Richard Lewis <[email protected]> writes:
> On Sun, 23 Jul 2023, 12:34 David Bremner, <[email protected]> wrote:
>
>> Did you start from a clean debootstrap here? Because I don't see where
>> in your second reproducer the addon packages get installed.
>>
>
> no, i reused the chroot from the "first attempt" reproducer
> A clean recipe, not requiring any 'login' is:
>
> mkdir -p /tmp/bullseye
> cd /tmp/bullseye
> debootstrap bullseye . https://deb.debian.org/debian
> ln -s /tmp/bullseye /var/lib/machines/bullseye
btw, there is no need to use a symlink here (depends on space in /var I guess)

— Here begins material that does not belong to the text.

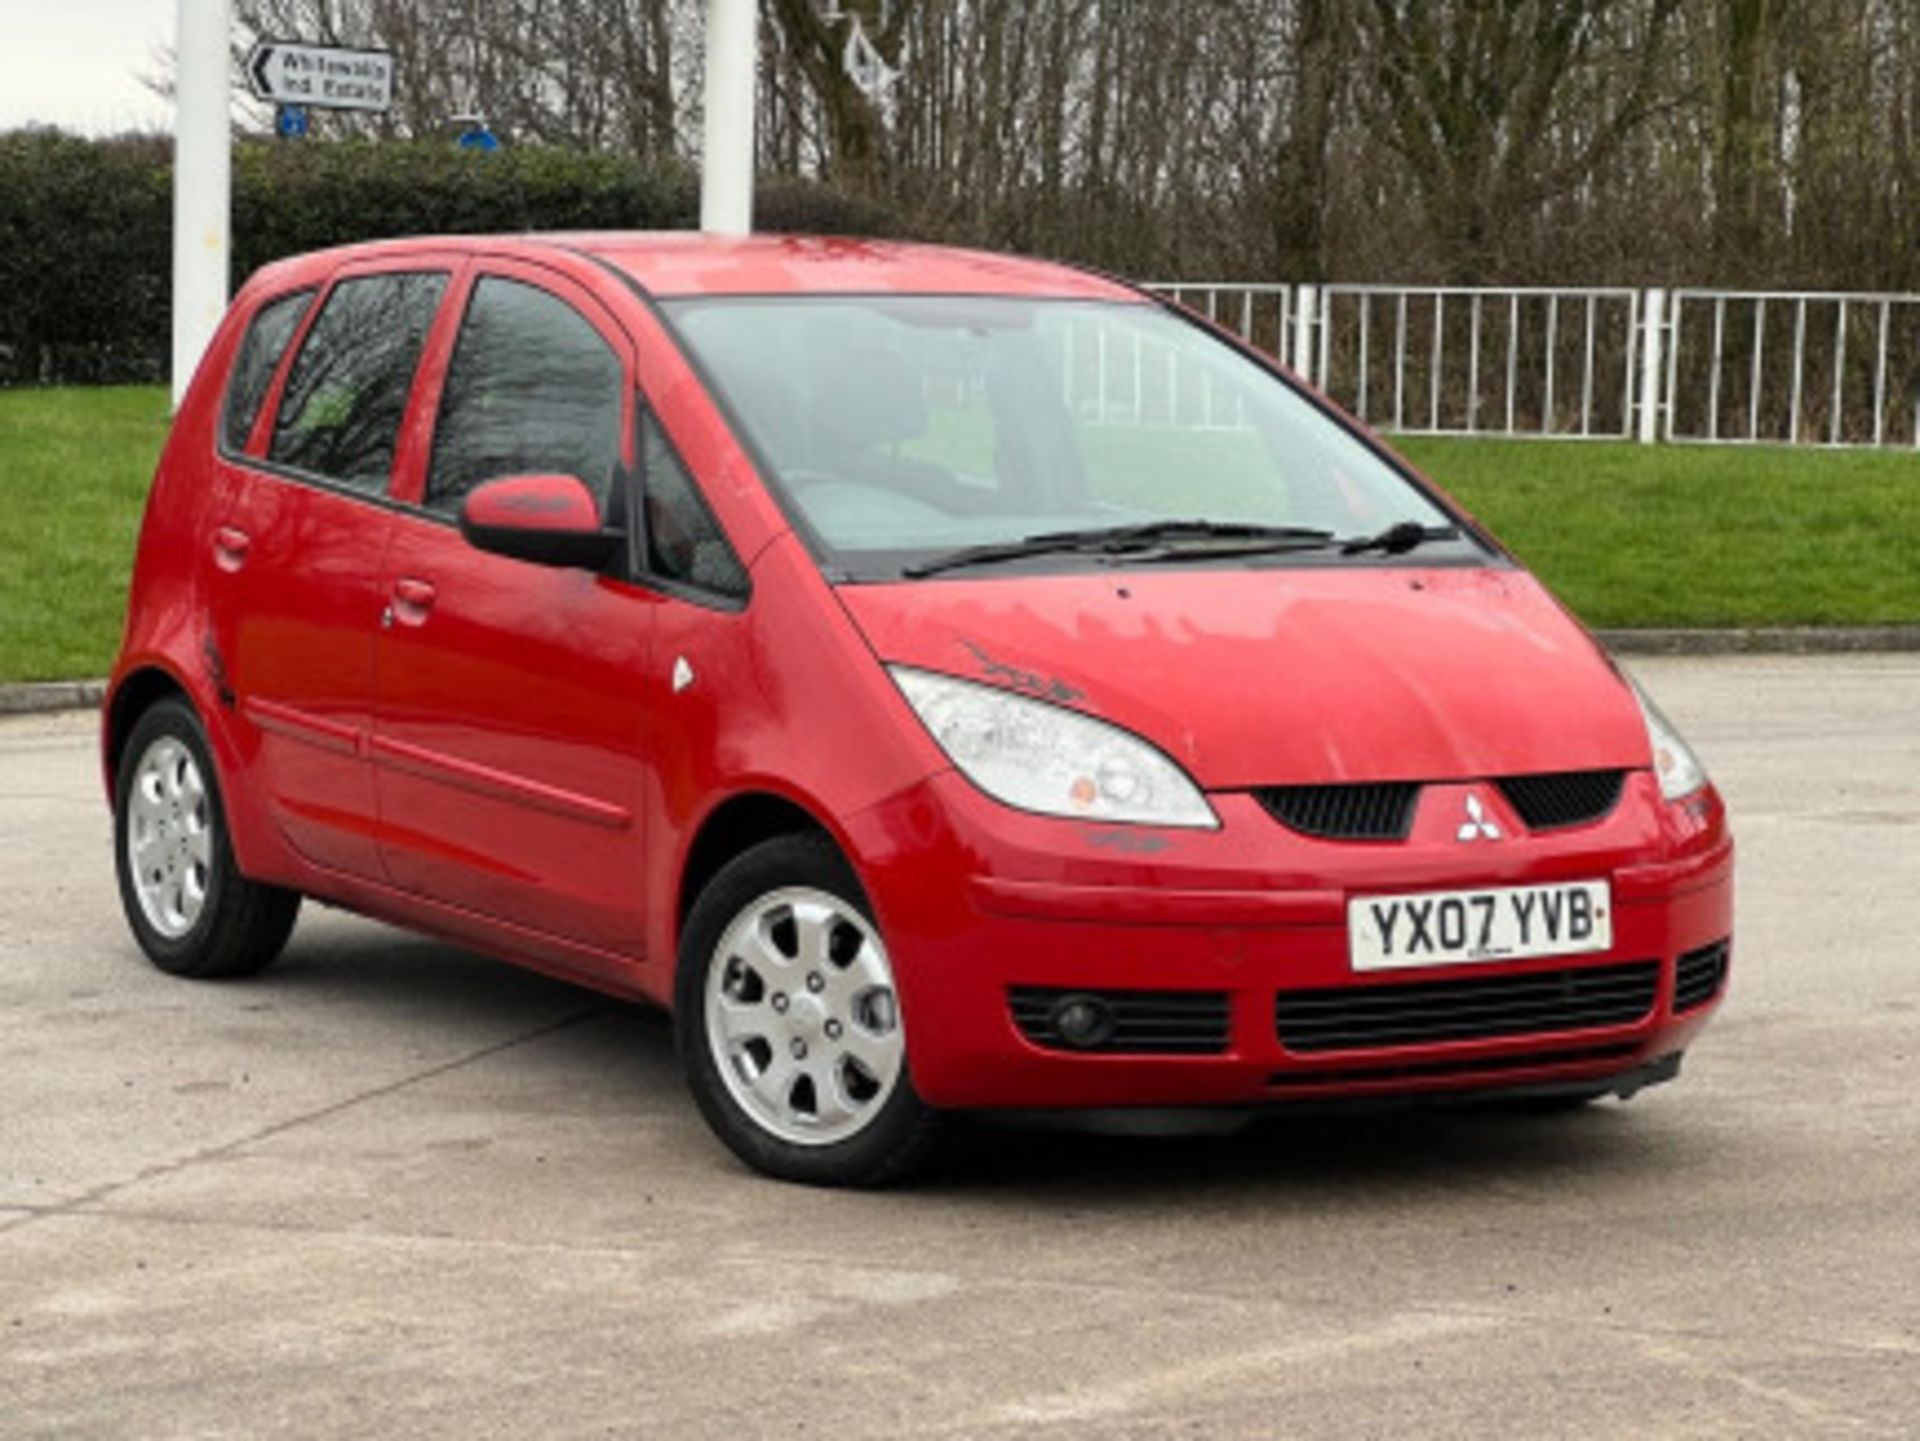 2007 MITSUBISHI COLT 1.5 DI-D DIESEL AUTOMATIC >>--NO VAT ON HAMMER--<< - Image 86 of 191

> systemd-nspawn --machine bullseye apt install emacs elpa-helpful
A smaller set of packages is just emacs and elpa-dash.
> sed -i /bullseye/bookworm/ tmp/bullseye/apt/sources.list
There are a couple of typos here, but I get what you meant. Should be
more like
sed -i s/bullseye/bookworm/ /var/lib/machines/bullseye/etc/apt/sources.list
> systemd-nspawn --machine bullseye apt update
> systemd-nspawn --machine bullseye apt upgrade
I checked that changing this to full-upgrade does not change anything
> # this all works, including upgrading emacs :)
OK, this downgrades the importance of the crash when upgrading emacs in
a chroot, I agree.
As far as the actual bug with failing to clean up, I ran
% systemd-nspawn --machine bullseye /usr/lib/dh-elpa/helper/remove emacs dash
2.17.0
and that cleans up the directory
/usr/share/emacs/site-lisp/elpa/dash-2.17.0
so the bug is at some other level of the stack. I guess I will have to
look at the log from the upgrade, but I haven't had a chance to do that yet.